Uff... Za pisanie tego posta zabierałam się od dwóch dni, ale ciągle byłam tak zmęczona, że poddawałam się po pierwszym zdaniu (albo jeszcze przed). Dziś jednak się zdrzemnęłam po południu, i uwierzcie - taki krótki sen potrafi zdziałać cuda! W dodatku wzięłam gorący prysznic, i czuję się jak nowo narodzona. Mam jeszcze dłuższą chwilę, zanim będę musiała jechać po C. do pracy, więc mogę opowiedzieć Wam o moim cudnym serniku.
Zanim jednak przejdę do sedna, chciałabym się pochwalić - w końcu udało mi się poskładać pewne sprawy, i jestem coraz bardziej gotowa na wyjazd do Polski. Zarezerwowałam hotel, co wymagało wręcz żelaznej silnej woli (trzy razy musiałam wysłać Pani maila, że mam już urlop, i żaden inny termin mnie nie interesuje), na sobotę umówiłam Ptysię do weterynarza, i już sam telefon sprawił mi mnóstwo frajdy. Ostatni raz w Danii u weterynarza byłam ponad rok temu, a jak tylko się przedstawiłam, Pan stwierdził, że to ja jestem ta dziewczyna z Polski, i jak mu będzie miło nas znowu zobaczyć. Nie mogłam przestać się uśmiechać.
Autko dzisiaj przeszło przegląd, czyli jechać możemy zupełnie bezpiecznie.
A w dodatku dowiedziałam się, że dostanę nowy kontrakt w pracy, na więcej godzin, co oznacza, że pensja mi całkiem przyjemnie podskoczy. I choć dzień zaczął się niezbyt dobrze, bo od samego rana mnie zdenerwowali, to później wszystko się tak ładnie układało, że z ręką na sercu mogę powiedzieć - dawno nie byłam tak zadowolona z dnia, w którym widziałam się z C. przez jakieś pół godziny. Żyć, nie umierać!
A teraz do sernika, bo naprawdę warto napisać o nim kilka dobrych słów.
Miałam chętkę na taki na zimno. Kupiłam żurawinę - póki jest - i zaczęłam się zastanawiać, jak to połączyć. Stwierdziłam, że nie będę ryzykować, i skorzystałam z poprzedniego przepisu, nieco go tylko modyfikując. Spód standardowy, ciasteczkowy, z dodatkiem niewielkiej ilości kakao. Z żurawiny przygotowałam muso-galaretkę, a na to wyłożyłam słodką masę waniliową z mascarpone i jogurtu. Na wierzch starłam nieco białej czekolady, bo gdzieś mi tam świtało takie połączenie. I muszę powiedzieć, że z efektów jestem bardzo zadowolona. Ciacho wyszło kremowe, delikatne, a kwaskowy mus świetnie komponuje się ze słodką masą serową. C. wcina z zapałem, a on przecież wybredny w kwestii serników jest.
Wygląda fantastycznie, a smakuje jeszcze lepiej. Koniecznie musicie spróbować!

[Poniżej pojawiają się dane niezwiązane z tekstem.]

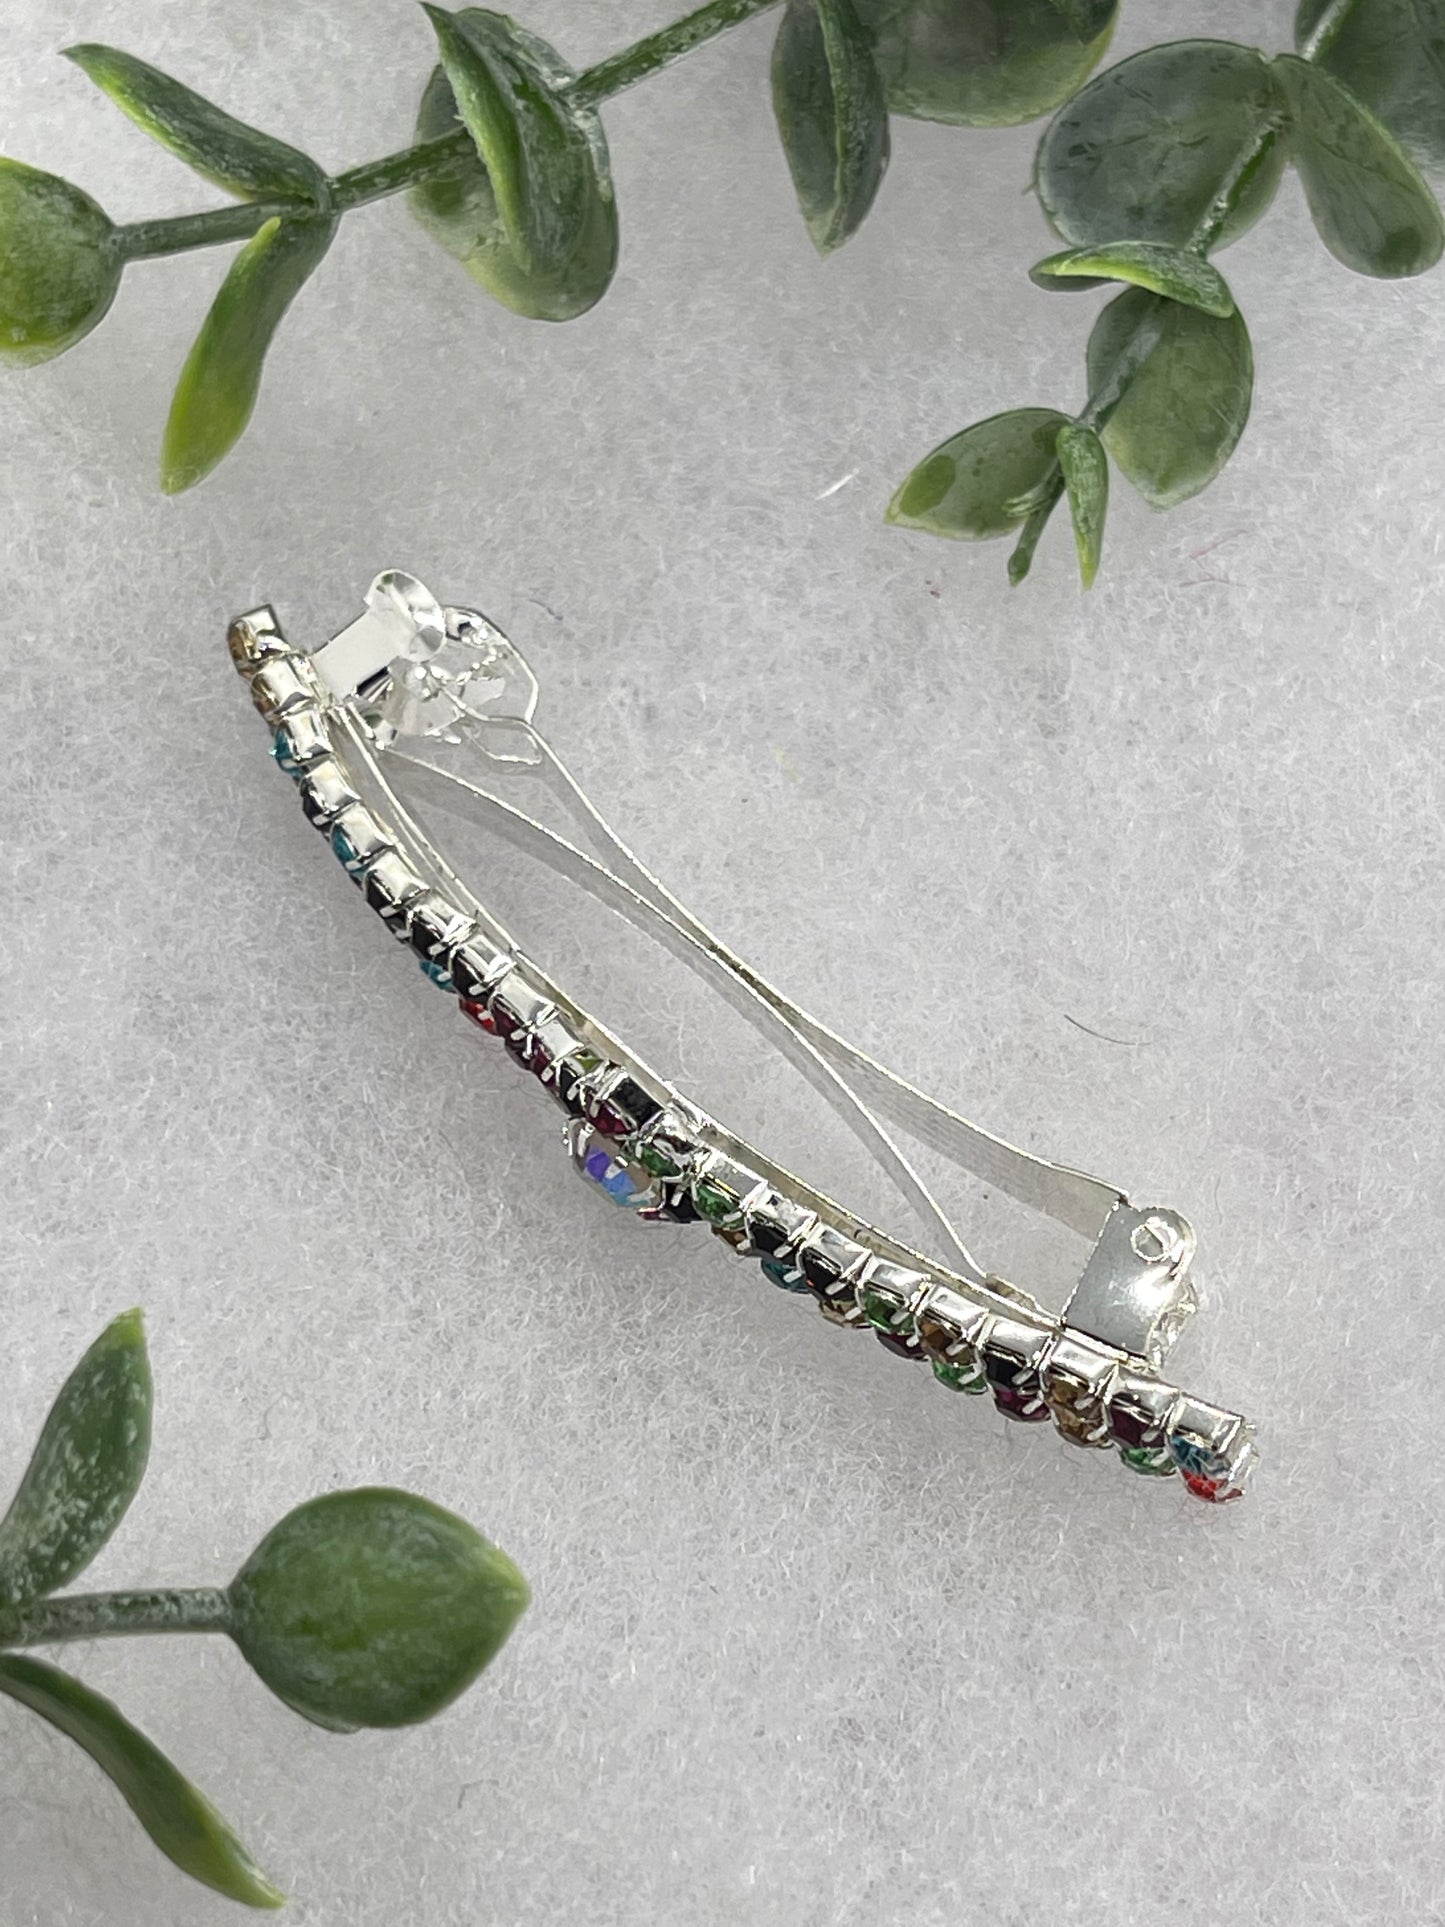 Rainbow Crystal Rhinestone  barrette approximately 3.0” silver tone formal hair accessory gift wedding bridal Hair accessory

Waniliowy sernik z musem żurawinowym (na zimno)
Składniki:
(na tortownicę o średnicy 20 cm)
spód:
- 115 g ciastek digestive
- 60 g masła
- 20 g kakao
mus żurawinowy:
- 250 g świeżej żurawiny
- 40 g cukru
- sok z 5 mandarynek
- 1/2 łyżeczki cynamonu
- 3 płatki żelatyny
masa serowa:
- 250 g mascarpone
- 500 g jogurtu waniliowego (0,1%)
- 50 g cukru pudru
- sok z 1/2 limonki
- 6 płatków żelatyny
dodatkowo:
- 10 g białej czekolady
Ciastka dokładnie pokruszyć, wymieszać z kakao. Wlać rozpuszczone i przestudzone masło. Dokładnie połączyć.
Masą wyłożyć dno tortownicy wyłożonej papierem do pieczenia. Schłodzić w lodówce 20 minut.
Podpiec w 180 st. C. 10-12 minut.
Ostudzić.
Żurawinę umieścić w garnku z cukrem, sokiem i cynamonem. Gotować, aż żurawina popęka, a płyn częściowo odparuje. Masę przetrzeć przez sitko.
Żelatynę namoczyć w zimnej wodzie, odcisnąć, a następnie rozpuścić na parze. Dodać do musu, wymieszać. Ostudzić.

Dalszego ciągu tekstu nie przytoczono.